After several minutes, I lean into Belle’s ear and whisper.
“The Bible, seriously?”
“If you’d just think about it, it makes perfect sense, don’t you think?”


I was sitting at the barber’s waiting my turn, listening to the tale of the guy sitting in the chair.
He’s 54 and on the same day he got his first retirement check, his doctor told him he had stage 4 pancreatic cancer.
That was six months ago.
He’s going through chemo, but knows it’s a done deal. So his wife retired Friday and they plan on spending what time he has left doing as much as the couple had planned to do in retirement.
Time will be short. He knows it. But he’s got this attitude of moving forward at all costs.
“It’s going to kill me, I know it, but I’m not dead today,” he said.

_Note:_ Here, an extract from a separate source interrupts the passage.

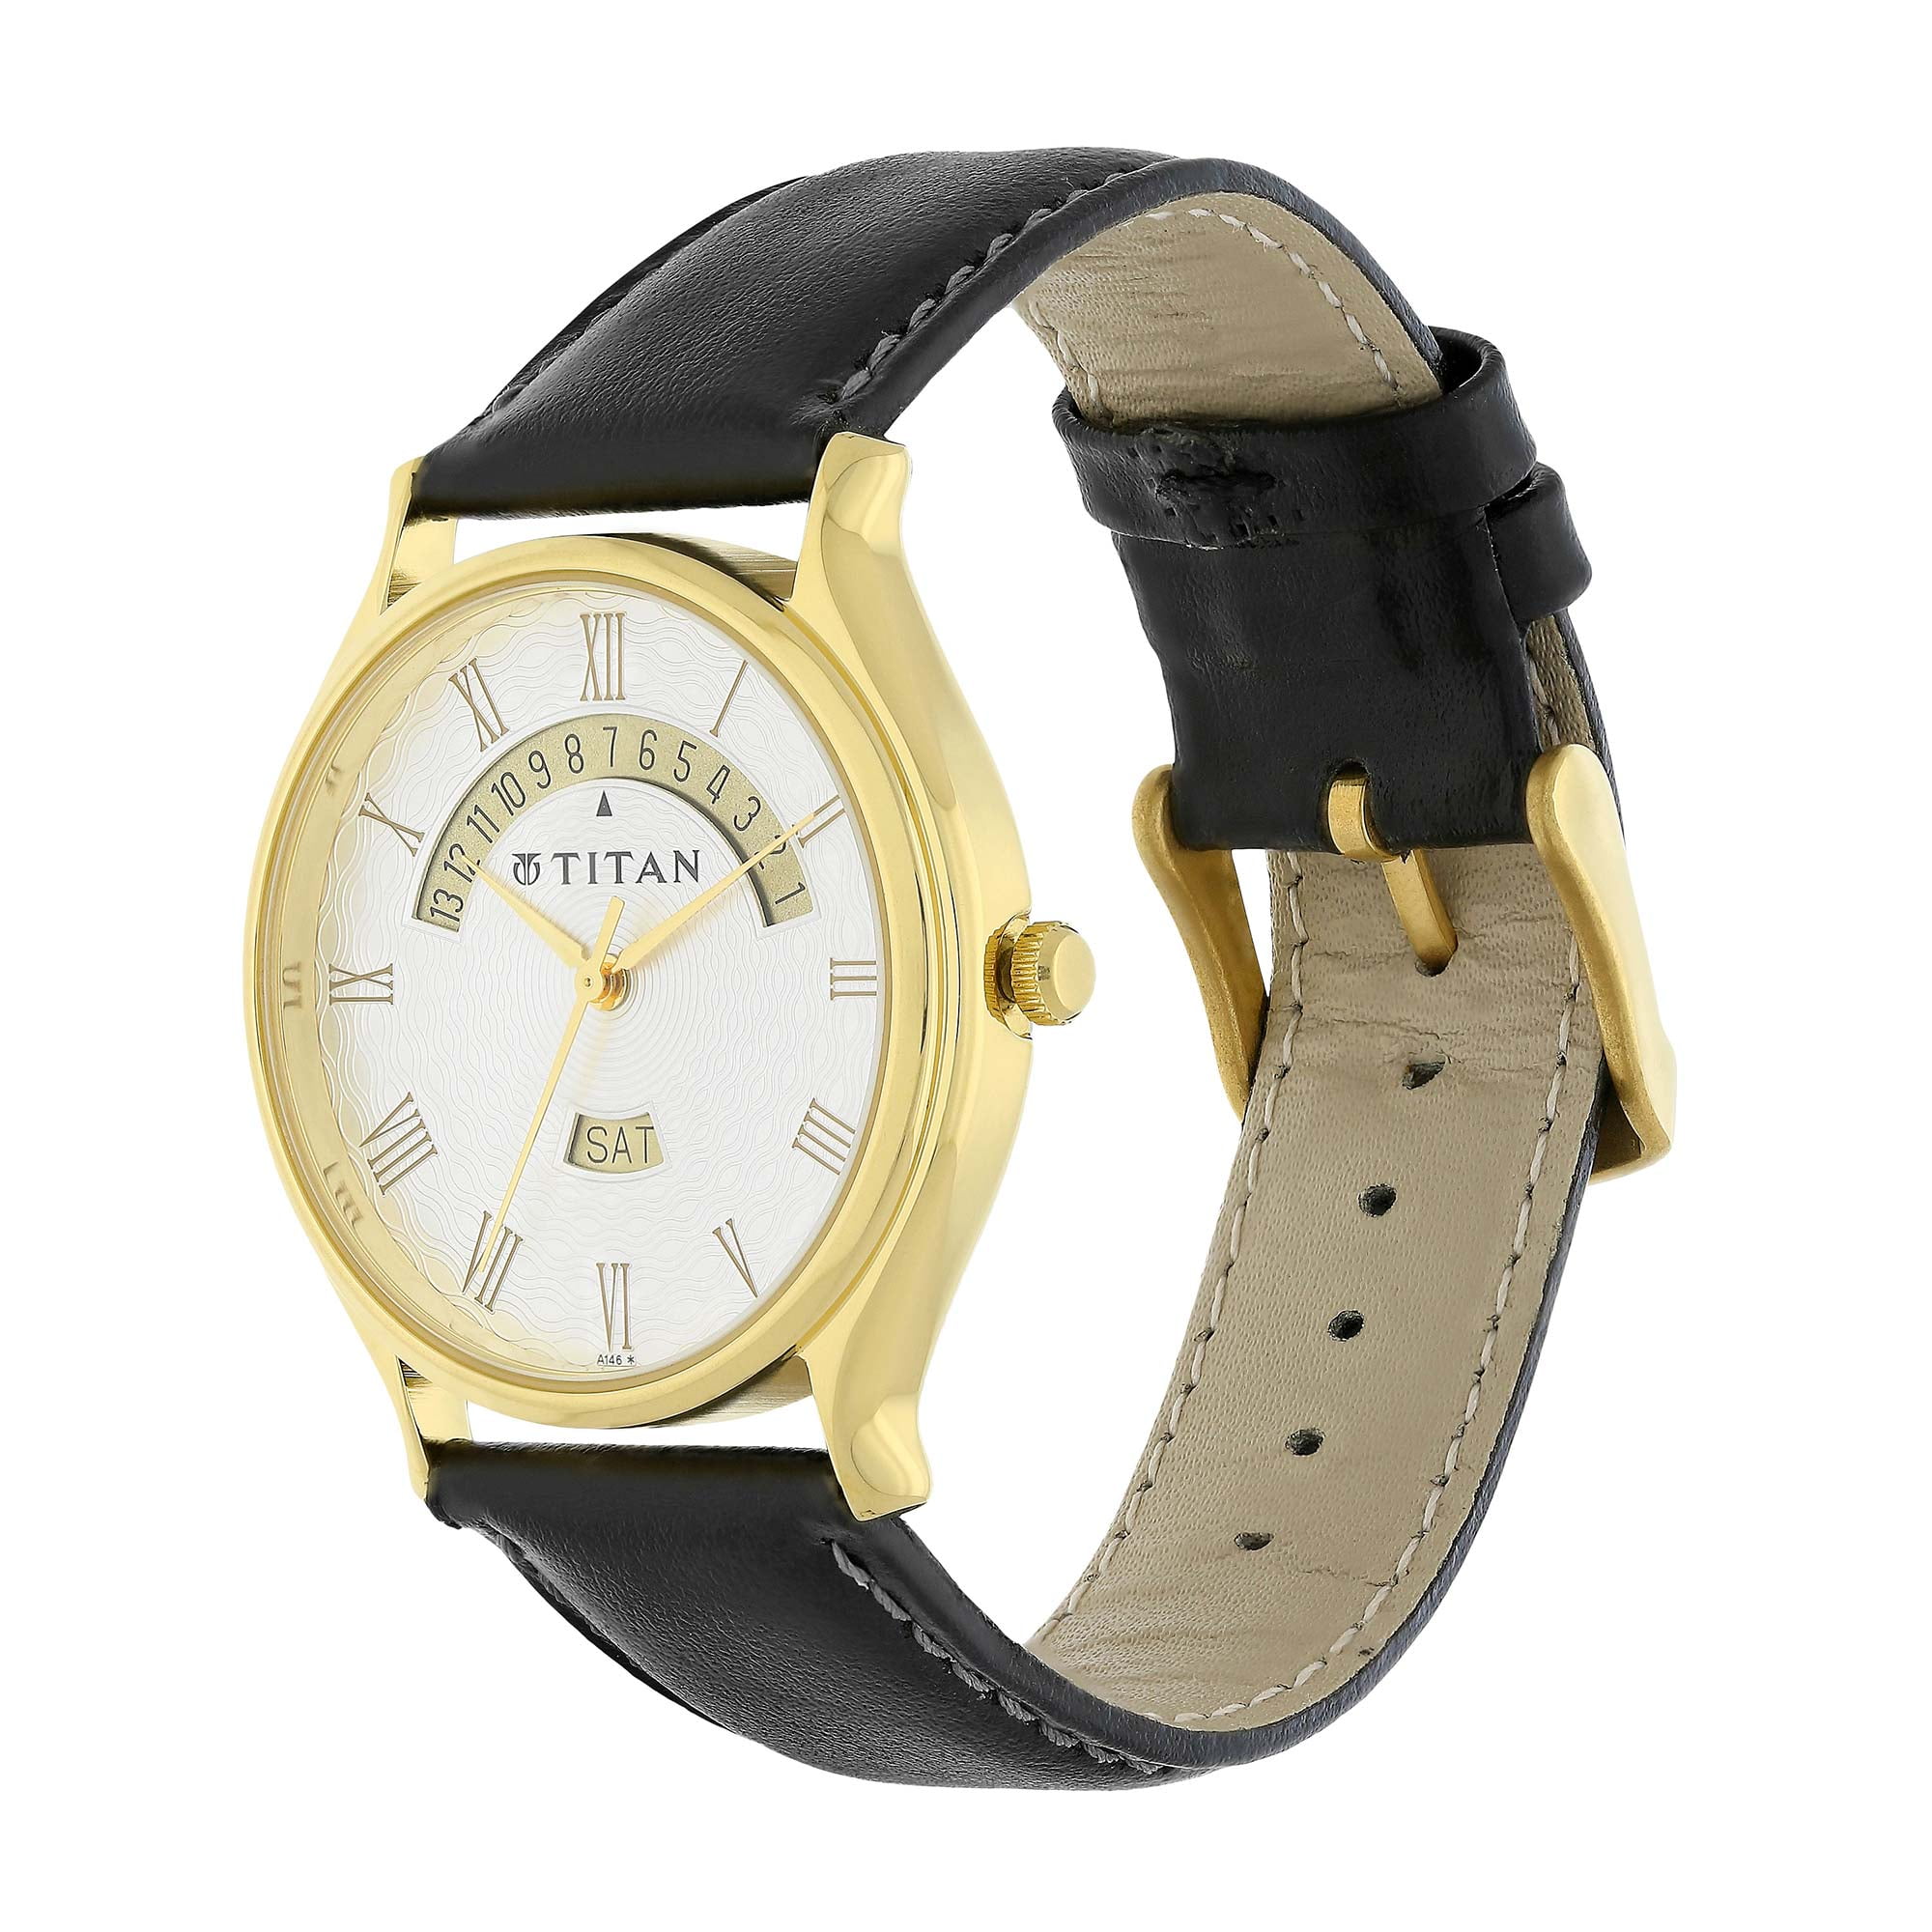 Titan Wrist Watch, Display Type : Analog, Strap Material : Leather

And I’m worried about my life.

OneWord, Hairdo

Ooofha. Hairdo. And 60 seconds to writer about it. It's a OneWord challenge. And this pops out:

Tired of my station in life, I skipped my barber’s chair and went into a fancy salon and asked for a new hairdo.
The lady studied me intently as I sank into her chair. She puts the points of a pair of scissors to her chin and tips her head. A multitude of piercings jangle through her hair, which is streaked in mauve and spiked like the fins of a Cadillac.
She smiles and I begin to think that this isn’t such a good idea.
But the shampoo and conditioner feels good – who knew conditioning promotes stronger follicles? – and by the time she gets to work, I’m feeling relaxed.
In minutes, she’s done.
My hair looks like it did before I walked in, just shorter.
The bill is $68.
Two weeks later, I’m sitting at my barber’s place, thumbing through a girlie magazine and waiting my turn.
“Why so glum?” he asks, tucking tissue into my collar.
“I cheated on you.”
“I forgive you,” he says, the buzz of clippers drowning out his disappointment.